Negligence under the Jones Act is the failure to use reasonable care. Reasonable care is the degree of care that reasonably prudent persons would use under like circumstances to avoid injury to themselves or others. Negligence is the doing of something that a reasonably prudent person would not do, or the failure to do something that a reasonably prudent person would do, under the circumstances.


The employer of a seaman owes the seaman a duty under the Jones Act to provide the seaman a safe place to work. This duty extends to providing a safe place to work on the ship of a third party over which the employer has no control, if that is where the seaman's employer sends him or her to work.


Negligence under the Jones Act is a cause of an injury if it played any part, no matter how slight, in bringing about the injury or damage, even if the negligence operated in combination with the acts of another, or in combination with some other cause.


Even the slightest negligence" is sufficient to support a Jones Act finding of negligence. This test is often described as a "featherweight causation standard" and allows a seaman to survive summary judgment by presenting even the slightest proof of causation.

Jones Act negligence is often called the lowest level of negligence known to law. This is one of the powerful Seaman's rights and remedies. Jones Act negligence can take many forms. From a leaky water cooler that is not maintained properly to a rickety ladder to oil left on the deck to being run over by a co-worker driving a forklift.

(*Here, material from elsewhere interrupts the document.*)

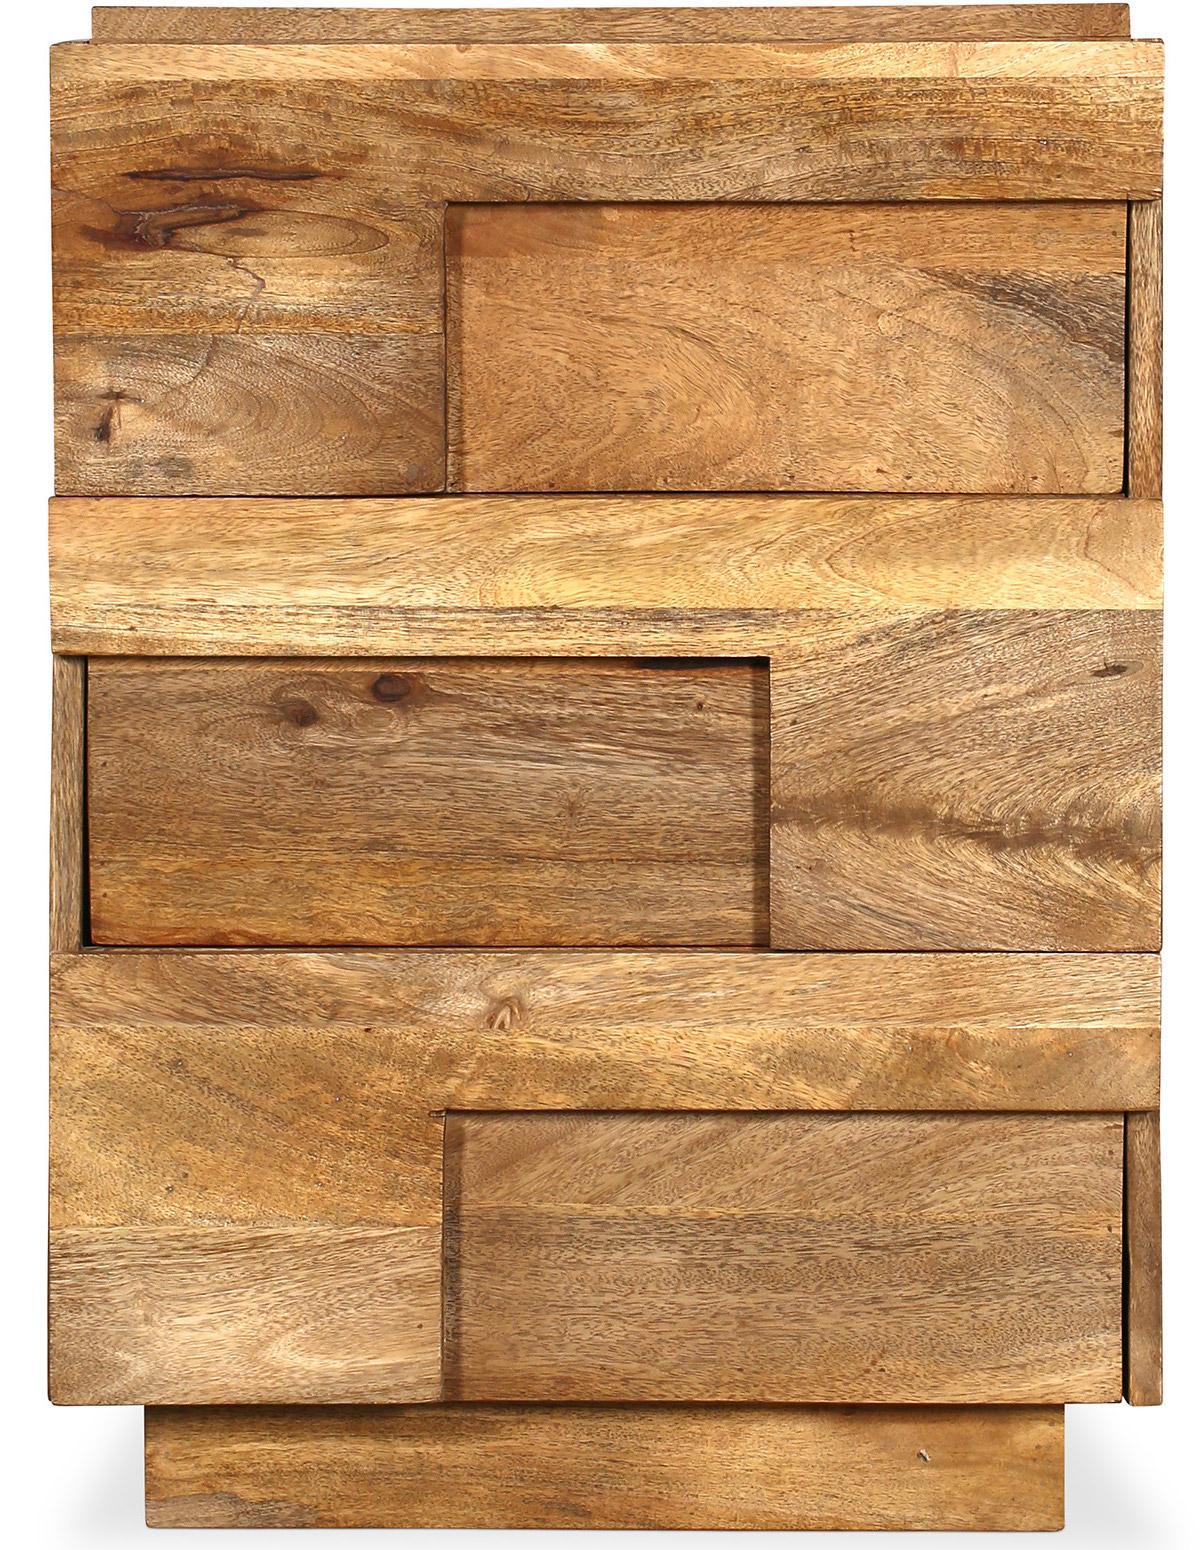 bahut 3 tiroirs bois de manguier thali. Black Bedroom Furniture Sets. Home Design Ideas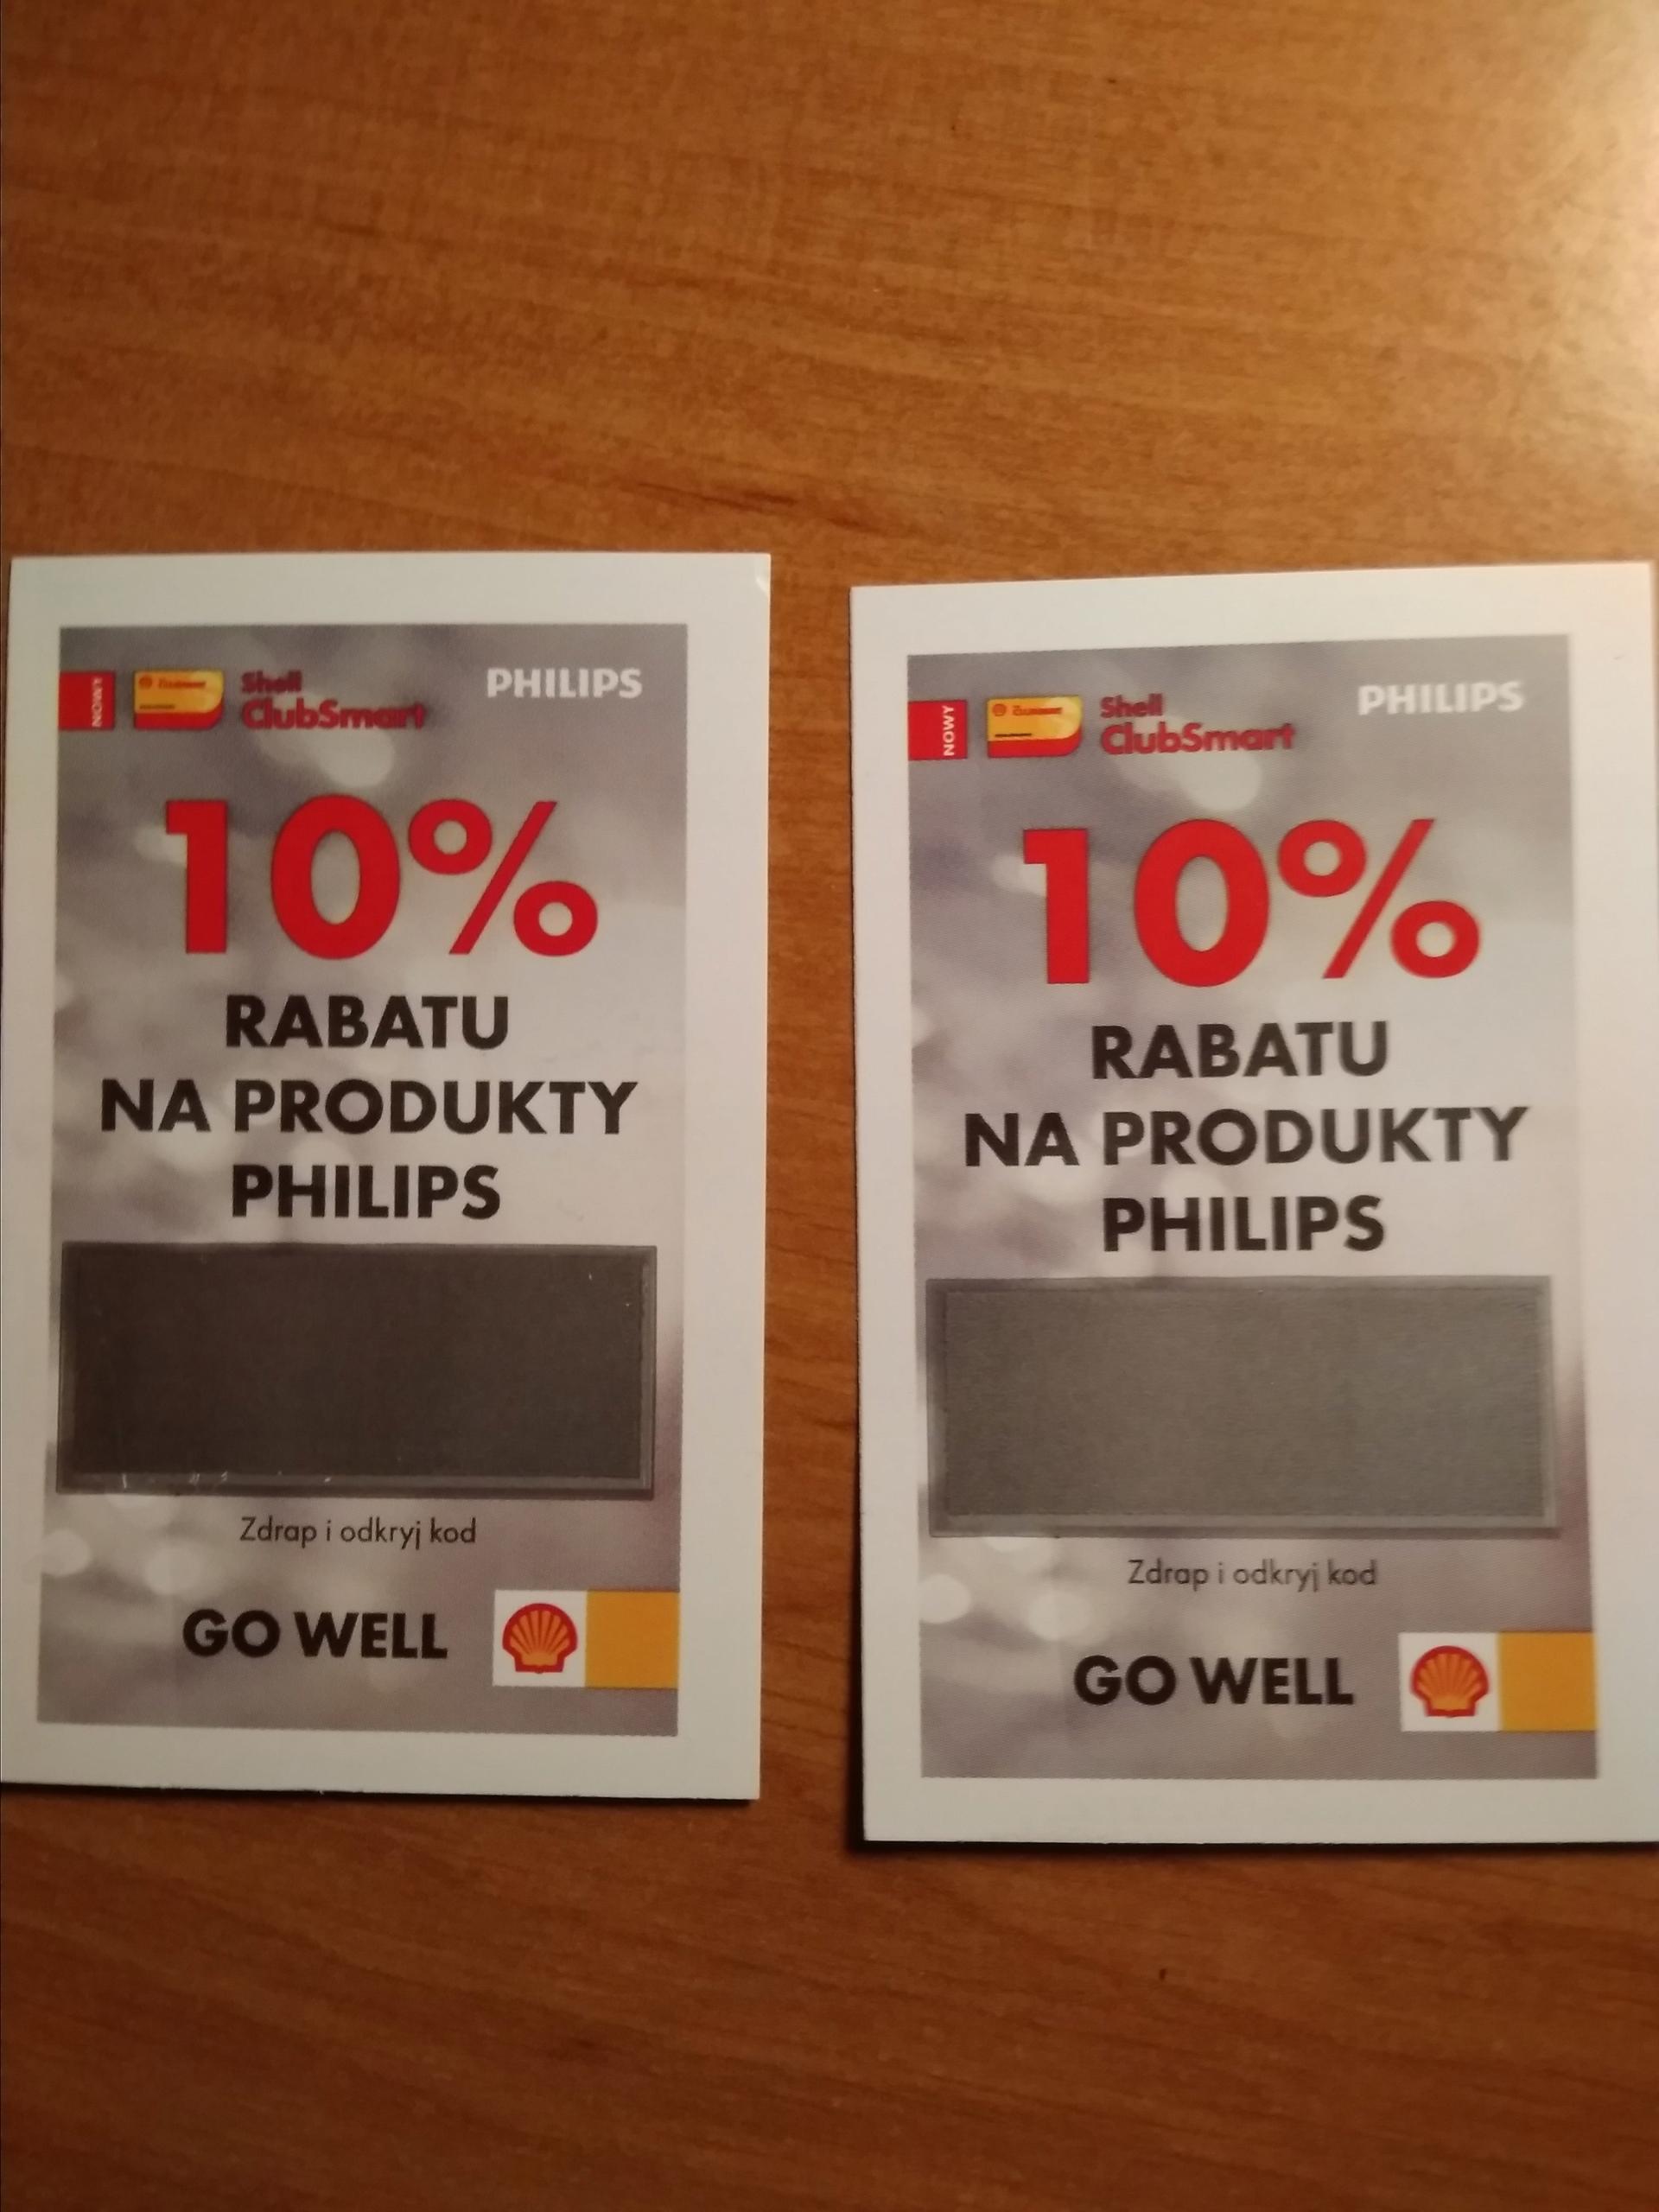 Shell philips kupon 20 procent

Some folks say proving Jones Act negligence is as easy as falling out of a boat and hitting water. Our suggestion is to not be so casual about the cause of action. Your lawyer should prepare and be prepared to prove your case as any land-based negligence case. Remember, at the end of the day your lawyer needs to motivate your jury. One motivation is showing your employer "done you wrong." Meaning, the ability to show fault by your employer caused your injuries.